Closed fjandrad closed 4 years ago
A first dumb implementation could simply use a for
cycle and call the getWorldTransform
method for each of the requested frames, checking that they actually exist. Later, we can try to identify if there is some bottleneck.
For testing purposes the following funcitons were implemented:
std::vector<iDynTree::Transform> getWorldTransforms( std::vector<int> frameIndexes);
std::vector<iDynTree::Transform> getWorldTransformsIndex( std::vector<int> frameIndexes);
std::vector<iDynTree::Transform> getWorldTransforms(std::vector<std::string> frameNames);
std::vector<iDynTree::Matrix4x4> getWorldTransformsAsHomogeneous(std::vector<std::string> frameNames);
For testing/benchmarking the following script was used:
testGetWorldTransformTimes.txt
The results are
The lines with ind as legend means get each transform individually in a for loop. The others are in the same order as the mentioned implemented functions. This suggest that any improvements on the C++ side might have negligible impact on the overall timings in Matlab.

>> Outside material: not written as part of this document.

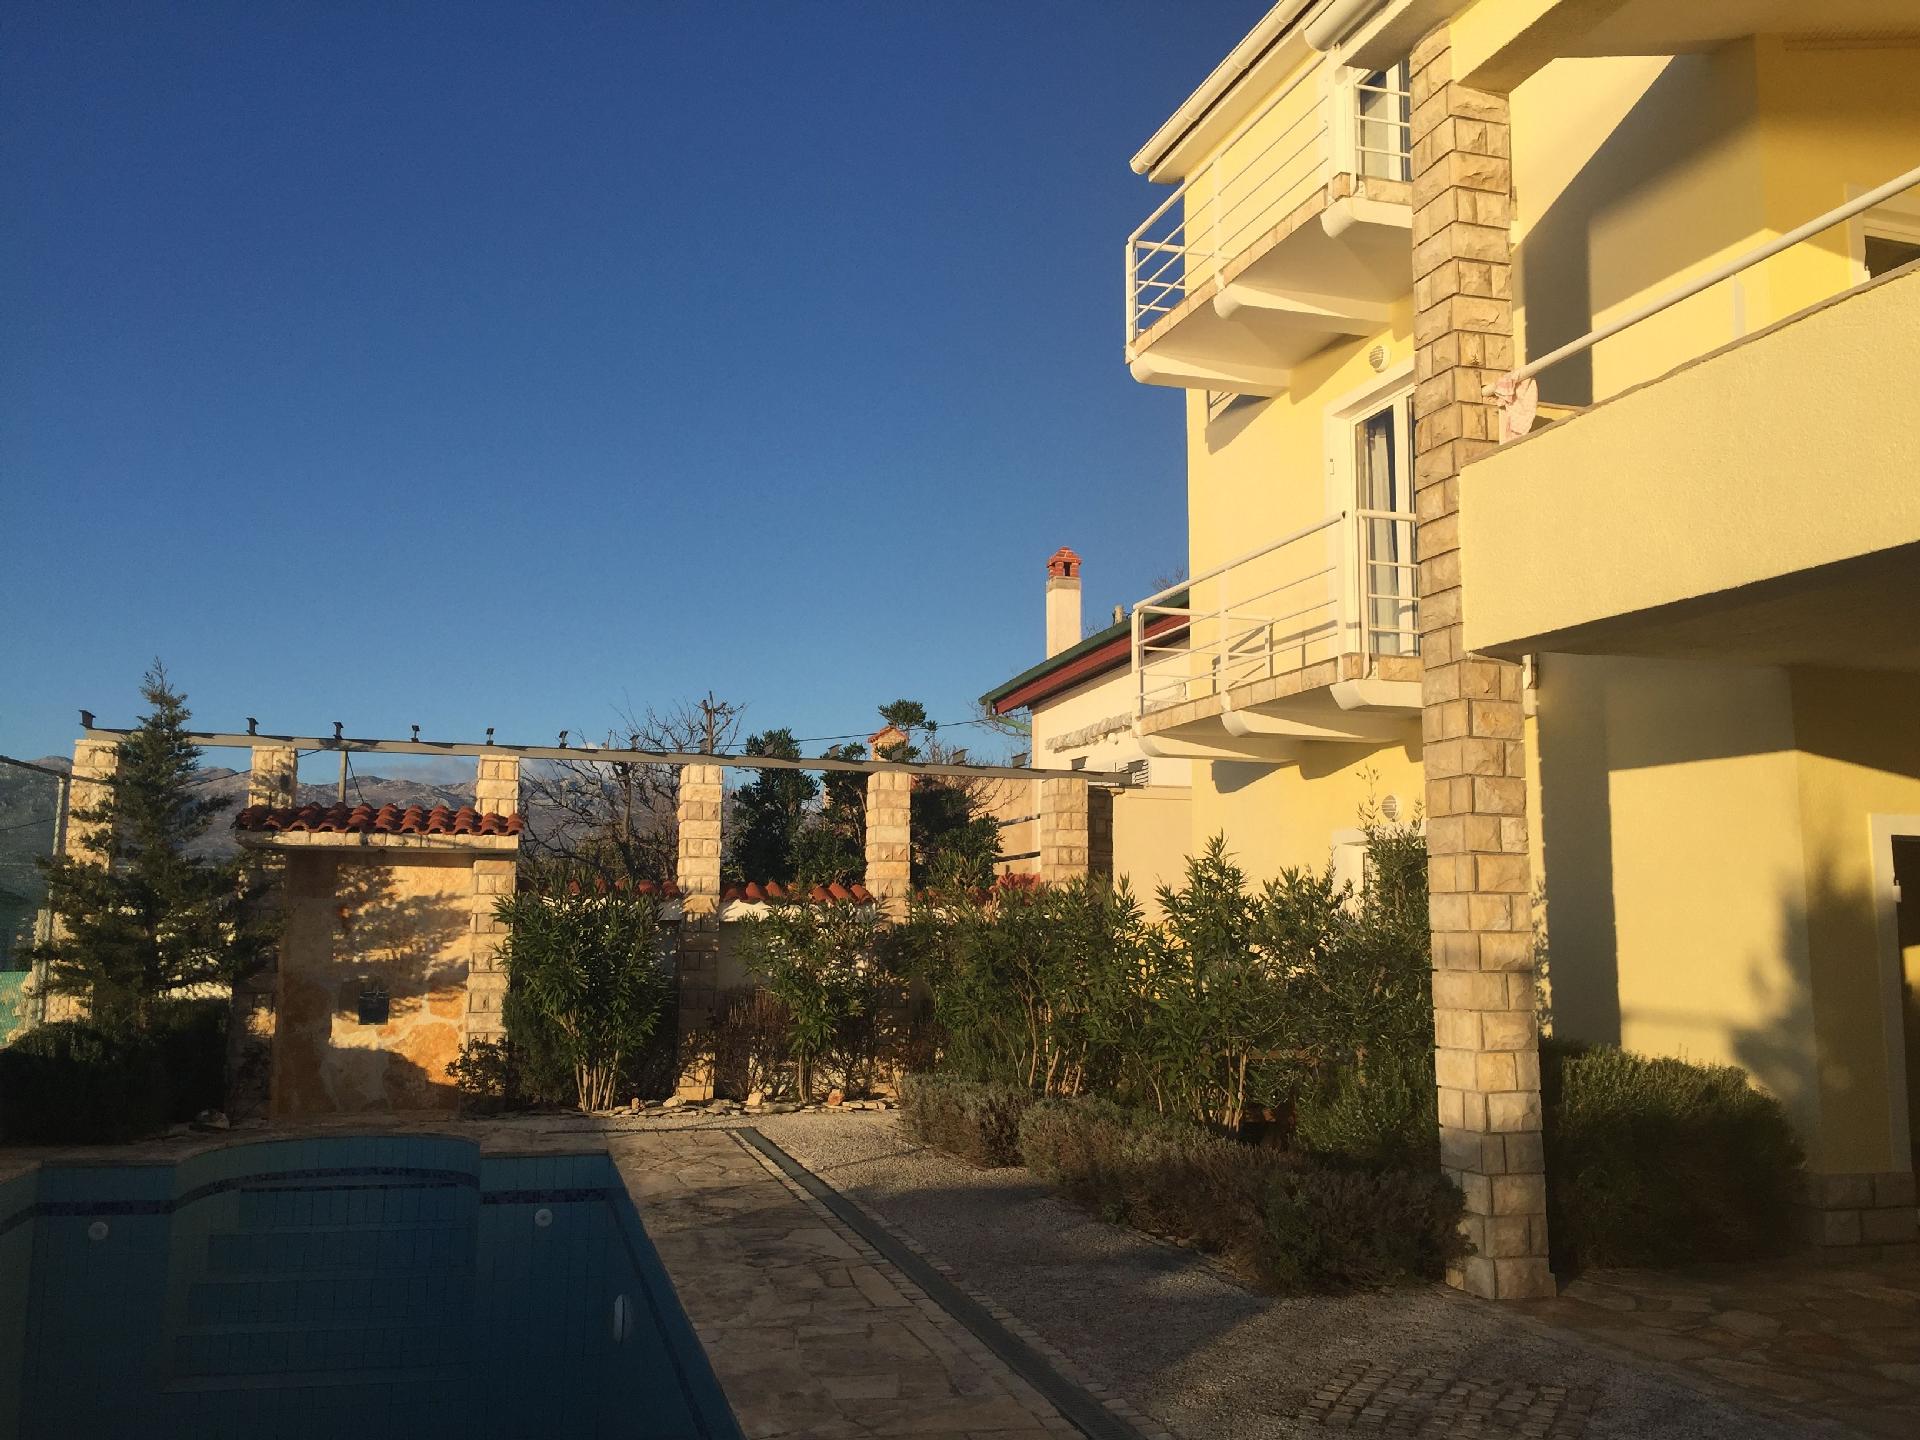 Ferienwohnung für vier Personen mit Balkon im Ferienhaus in Dalmatien

It can be seen that there seems to be no gain in getting all the transforms except for the function that gives directly the homogenous transform. The reason is probably that even if we get a vector of transforms we still need to iterate through the vector and transform each individual transform to matlab matrix. The reason homogeneous transform seem to have the upper hand is because we save the asHomogeneousTransform step in the bindings.

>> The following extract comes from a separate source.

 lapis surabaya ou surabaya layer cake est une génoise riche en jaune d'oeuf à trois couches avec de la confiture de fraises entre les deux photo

Here we can se why it takes less time to get directly the homogeneous transform:
Despite it takes half the time to do just toMatlab, the time decreases by a third since we go through the iterator to ge the individual matrix and then do to Matlab. If we do it in a single line we get a further optimization although small.
I doubt it is possible, but what could further help for the visualization in terms of time optimization is to be able to get from a single swig function directly matlab matrices without the need to do the toMatlab call.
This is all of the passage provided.